▽

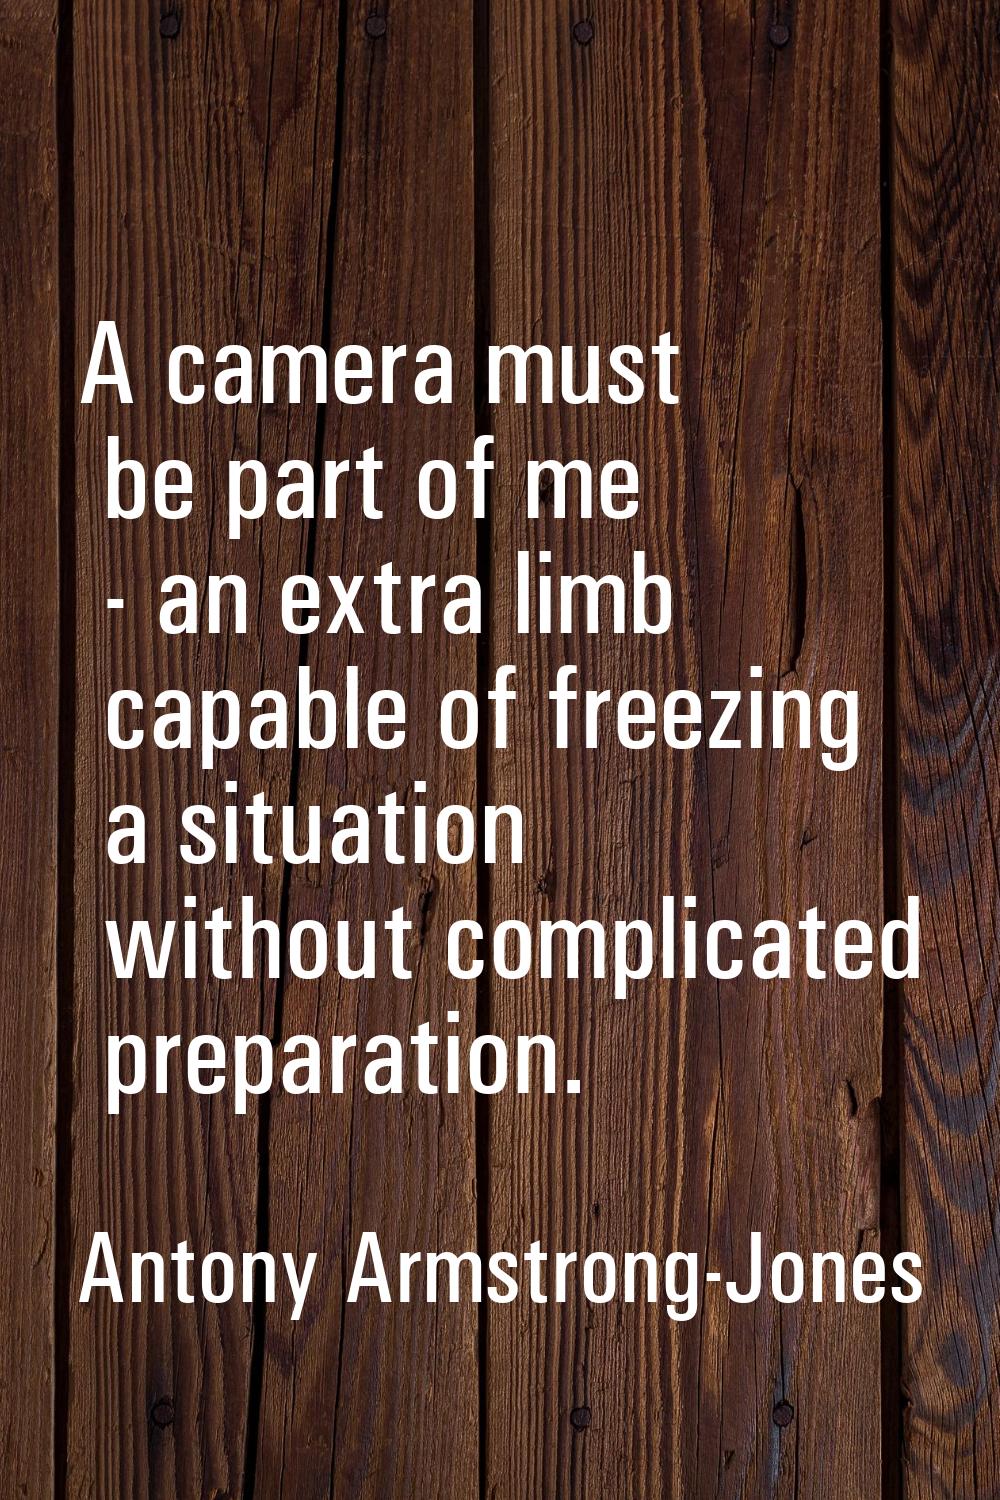 A camera must be part of me - an extra limb capable of freezing a situation without complicated pre
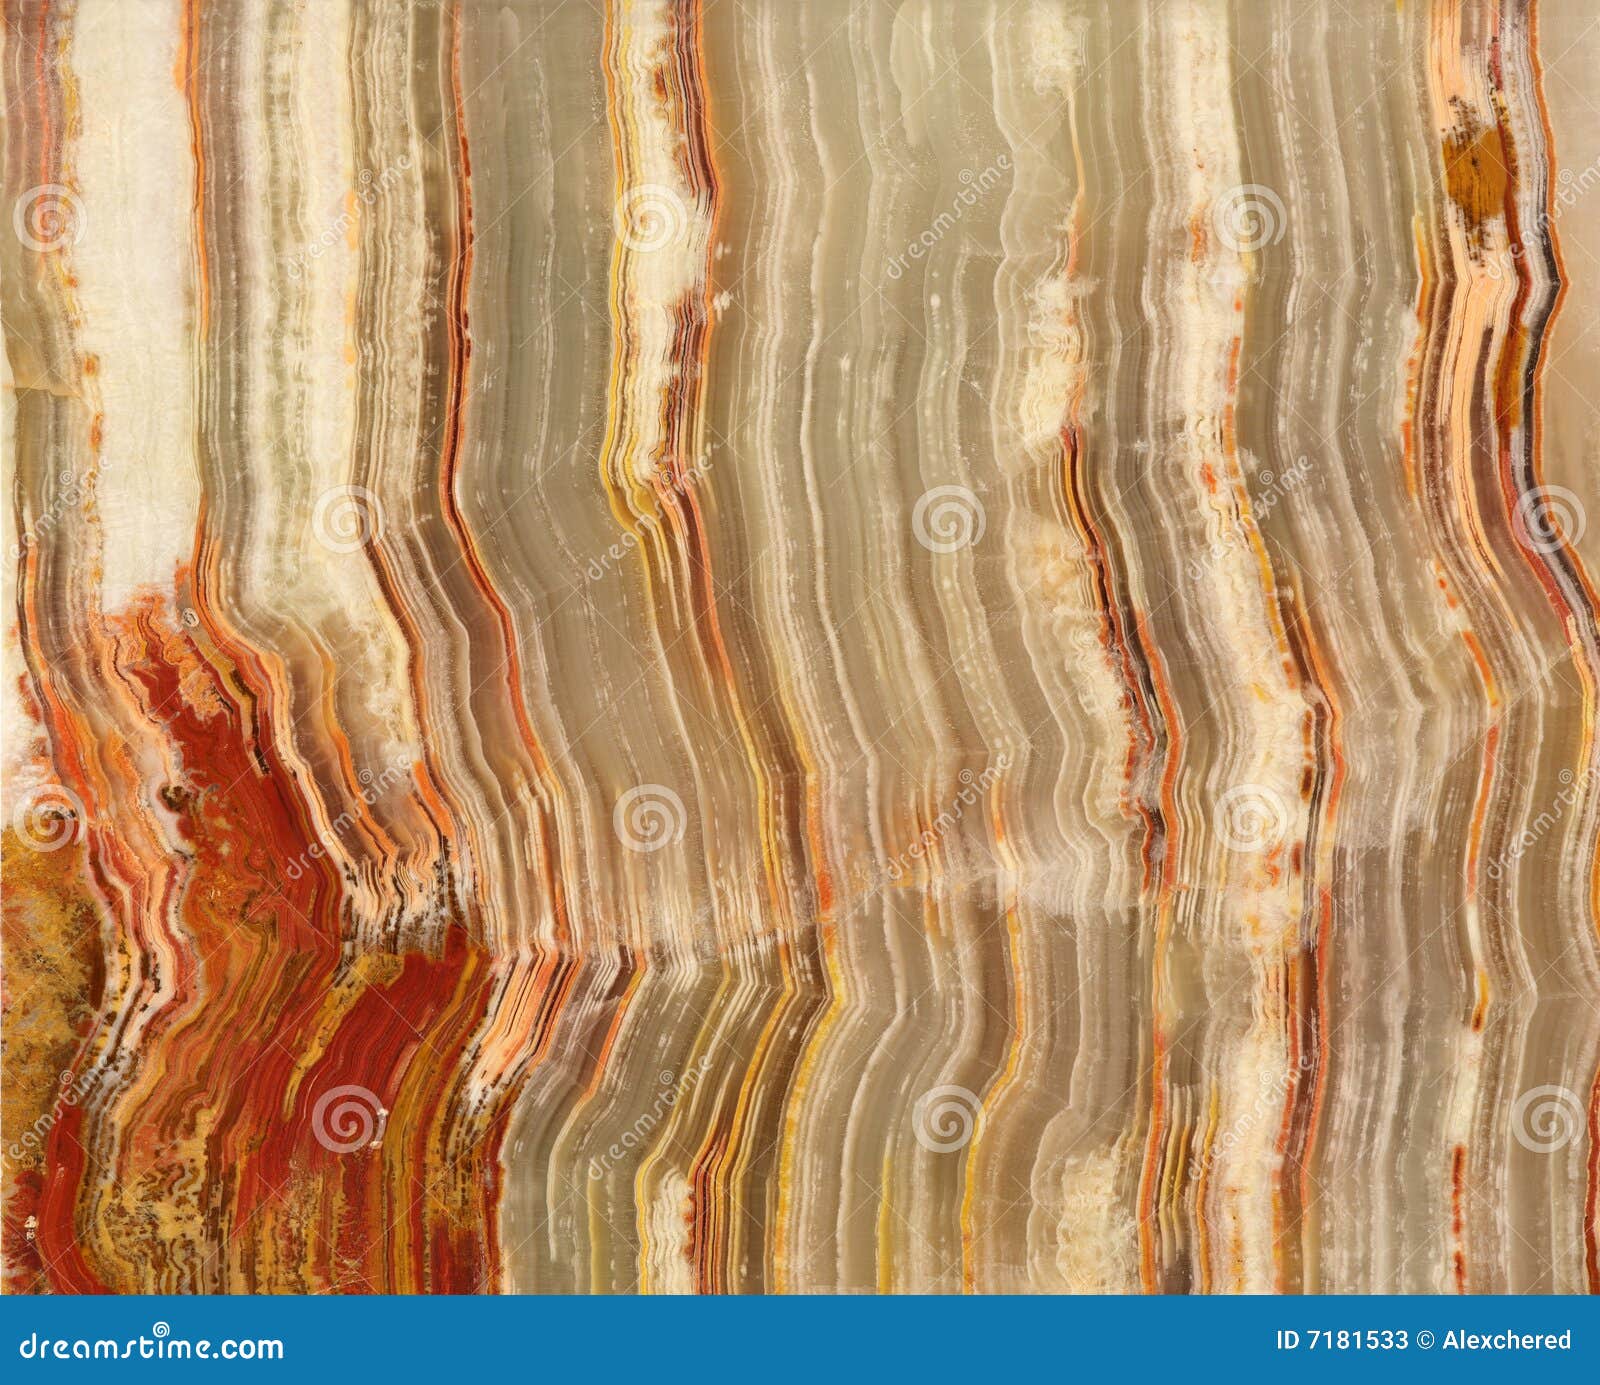 onyx (agate) texture surface background
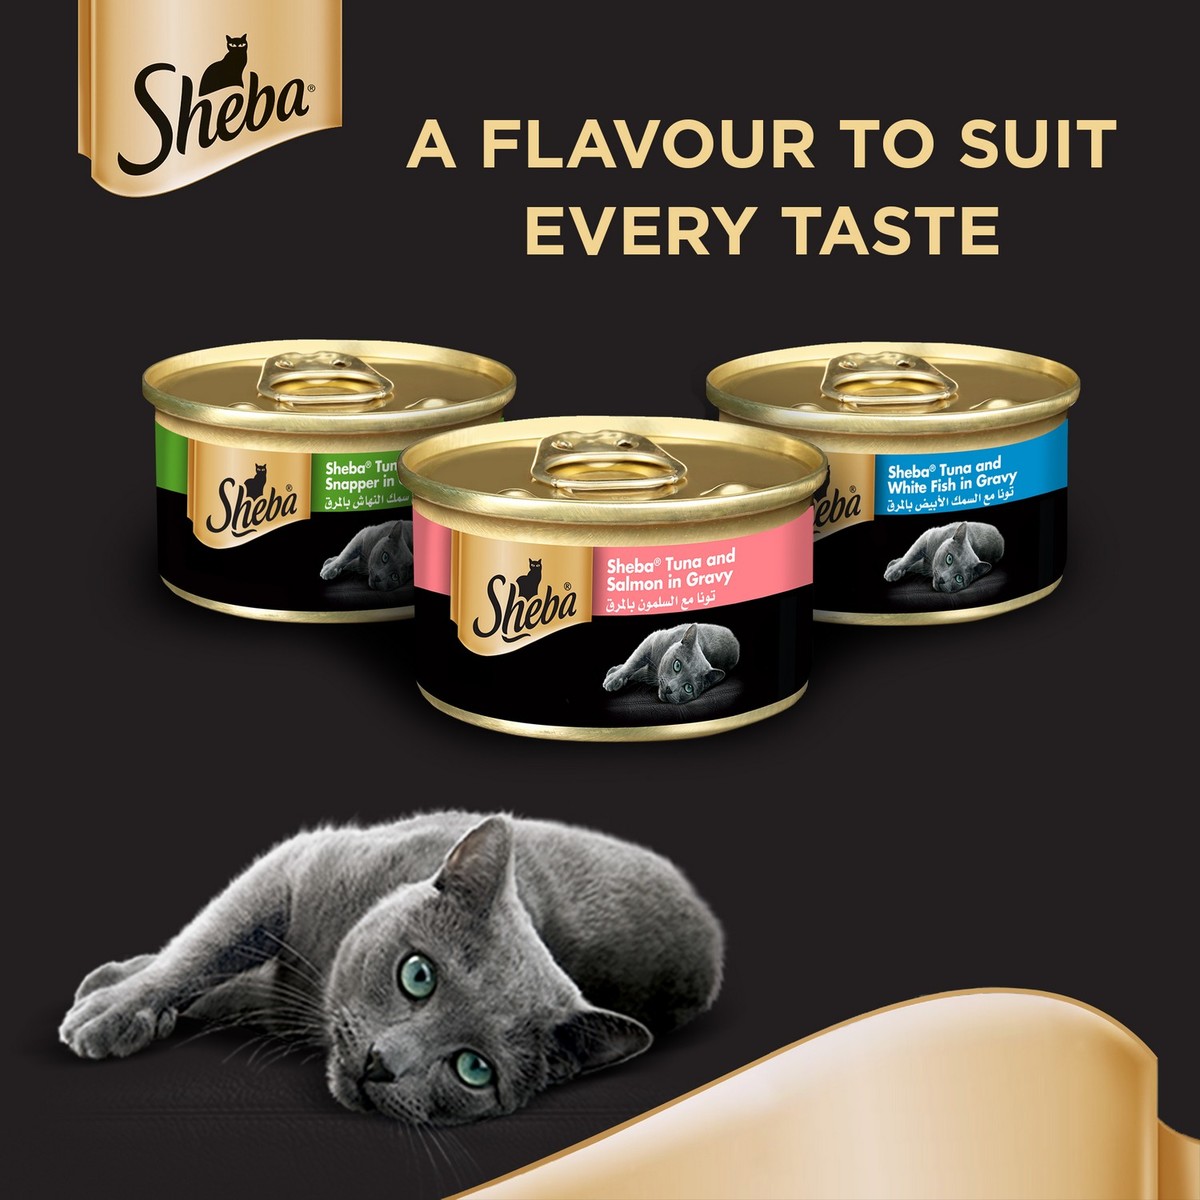 Sheba Flaked Tuna Topped with Salmon Cat Food 6 x 85 g

△

**Directions:** Omit all images when repeating the data above exactly.

**Output of the task:**
 A camera must be part of me - an extra limb capable of freezing a situation without complicated pre
 onyx (agate) texture surface background
 Sheba Flaked Tuna Topped with Salmon Cat Food 6 x 85 g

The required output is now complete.